Je tombai les genoux au sol, devant mon mari en prenant mon ventre. J'entendis des chaises se pousser, vis des talons claquer au sol pour m'encercler, puis sentis quelque chose s'écouler entre mes jambes. Les invités hurlèrent de terreur, d'une même voix aiguë.
-Mon dieu, elle va accoucher ici !
-Appelez les secours ! Faîtes quelque chose !
-Le bébé va sortir ! Le bébé va sortir !
-Qu'est-ce-qu'on doit faire, Gintoki ?
-Je sais pas !
-Calmez-vous, les deux idiots ! Ma femme accouche, elle en a assez de vos jérémiades et de vos cris ! Faîtes quelque chose d'utile pour une fois, ou déguerpissez !
-Gil... J'ai mal...
-Ca va aller, jenck, ne t'en fais pas ! Chercha-t-il à me rassurer même en étant paniqué, mais sa voix me réconforta. Tout va bien se passer, je suis avec toi. Tu n'as pas à t'inquiéter.
-Le bébé... il va sortir...
-Je le sais, chérie, et il sera le plus beau des bébés que tu auras vus. Je te le promet.
-Putain ! Qu'est-ce-qu'on doit faire ?
-Appelez les secours.
-Au secours ! Une femme accouche ! Hurla à l'assemblé Hasegawa.
-Pas comme ça ! Sortez un portable !
-Tu crois qu'on a que ça à faire, sortir des portables de nos manches comme des magiciens ?
-Merde, j'ai oublié que vous êtes des clodos.
-Je t'ai dis que je ne suis pas un clodo !
-... Prenez le mien et appelez les pompiers. Mais vous aurez intérêt à me le rendre tout de suite après !
-Sinon quoi ? Tu appelleras les forces de l'ordre ?
-On a pas le temps de rire, Gintoki. Fais ce qu'il dit !
-Bon, bon,...
Il prit le portable que lui tendit mon mari, et fouilla dans son répertoire pour tomber sur les secours et leur prévenir de l'urgence de la situation. A l'entendre hurler de fureur, son interlocuteur ne prend pas la situation pour une urgence.

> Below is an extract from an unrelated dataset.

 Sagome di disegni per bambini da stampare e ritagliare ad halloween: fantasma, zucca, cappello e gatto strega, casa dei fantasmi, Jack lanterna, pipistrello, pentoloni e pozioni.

Mon estomac se distord, mon dos se courbe pour refouler la douleur dans mon corps. Je sens le bébé, qui bientôt verra le jour en ce jour si spécial...
*** 3 ans plus tard
Je regardai les éclats ambrés se détacher des arbres avant de s'échouer au sol. L'automne vient d'emporter dans son souffle saisonnier les premiers disamares, tombant en dessinant des tourbillons dans le ciel tapissé de gris. Ils s'échouent ensuite au sol et voûtant leurs ailes fanées. L'un d'eux s'échoua sur le nez de l'occupant du berceau, que je poussai depuis déjà plusieurs minutes. Le petit enfant déplia un grand sourire en brandissant vers les érables leur bien perdu...

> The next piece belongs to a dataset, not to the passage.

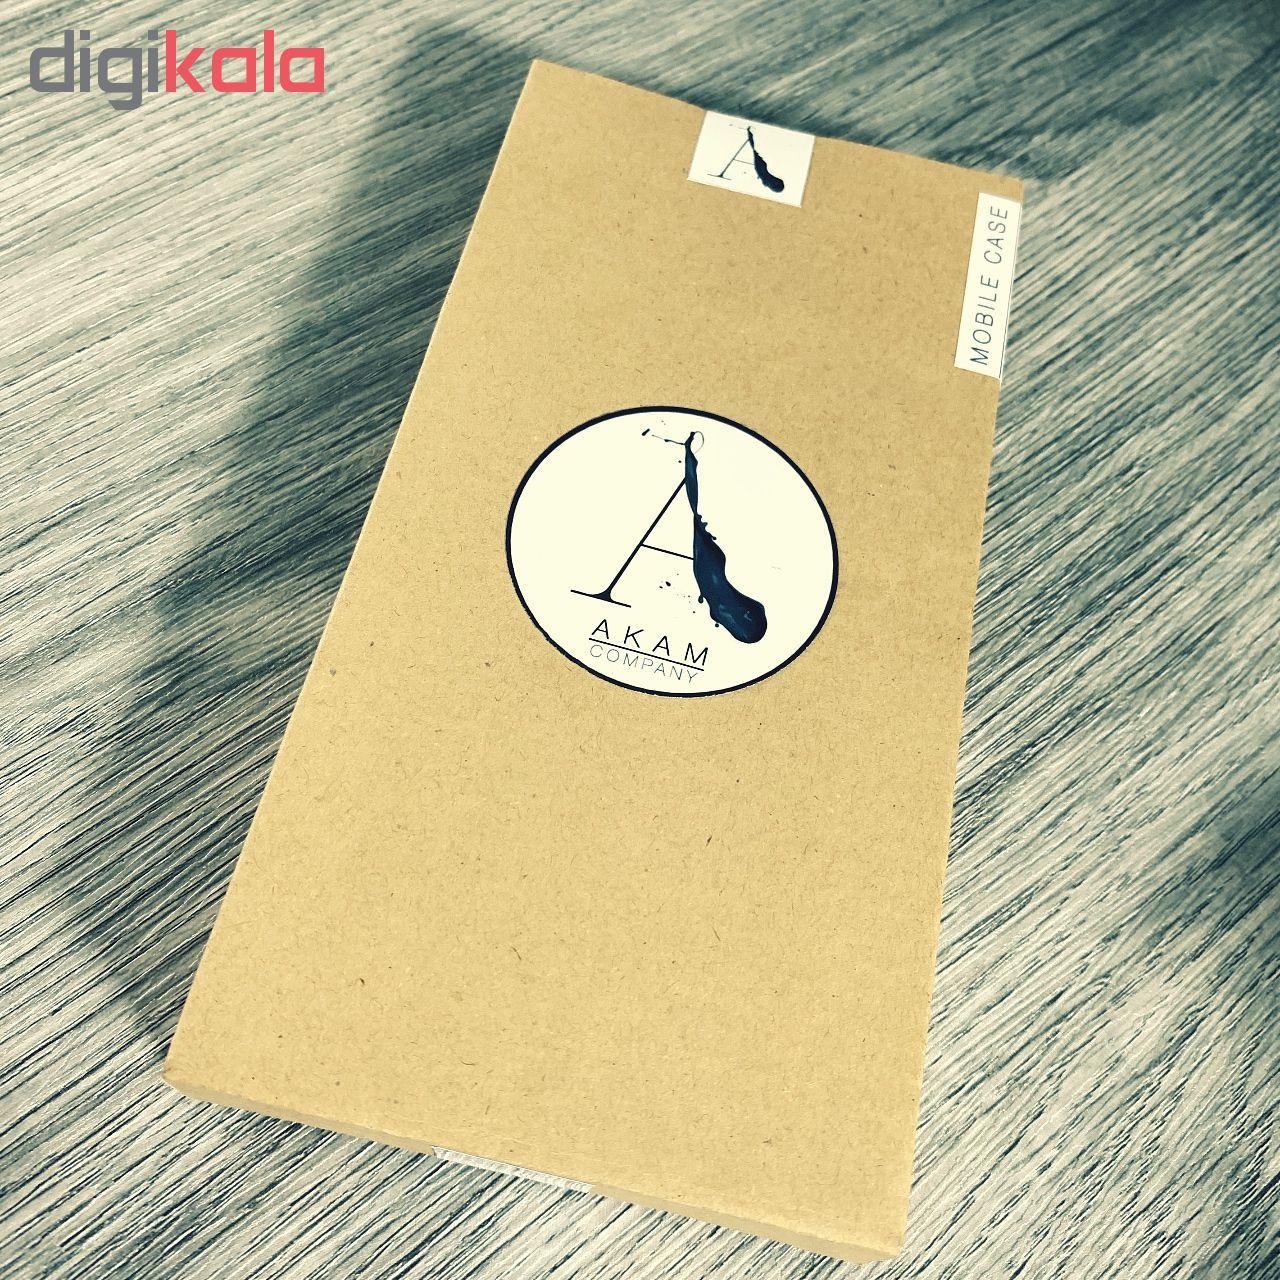 کاور مدل A70327 مناسب برای گوشی موبایل اپل iPhone 7/8 main 1 1

-C'est comme ça que tu enchaînes les événements ? M'interpella Gil en pressant une main sur mon épaule pour faire savoir sa présence dans la scène automnale et poétique.
-Gintoki et Hasegawa sont retournés chez eux, c'est ce que tu voulais.
-Mais ce changement brusque de situation... Et cette trame.
-Apprécions juste cette fin, lui proposai-je en décalant l'index qui avait coupé ses mots pour l'embrasser amoureusement. Je remarquai dans son dos deux corps gisant aux sols tels des rats morts offrant leurs cadavres vers le soleil. L'un d'eux était surmonté d'une chevelure argentée, et l'autre d'une paire de lunettes noires. Je revins à ma poussette et la poussai innocemment... Car comme je viens de le dire, tout est bien qui finit bien.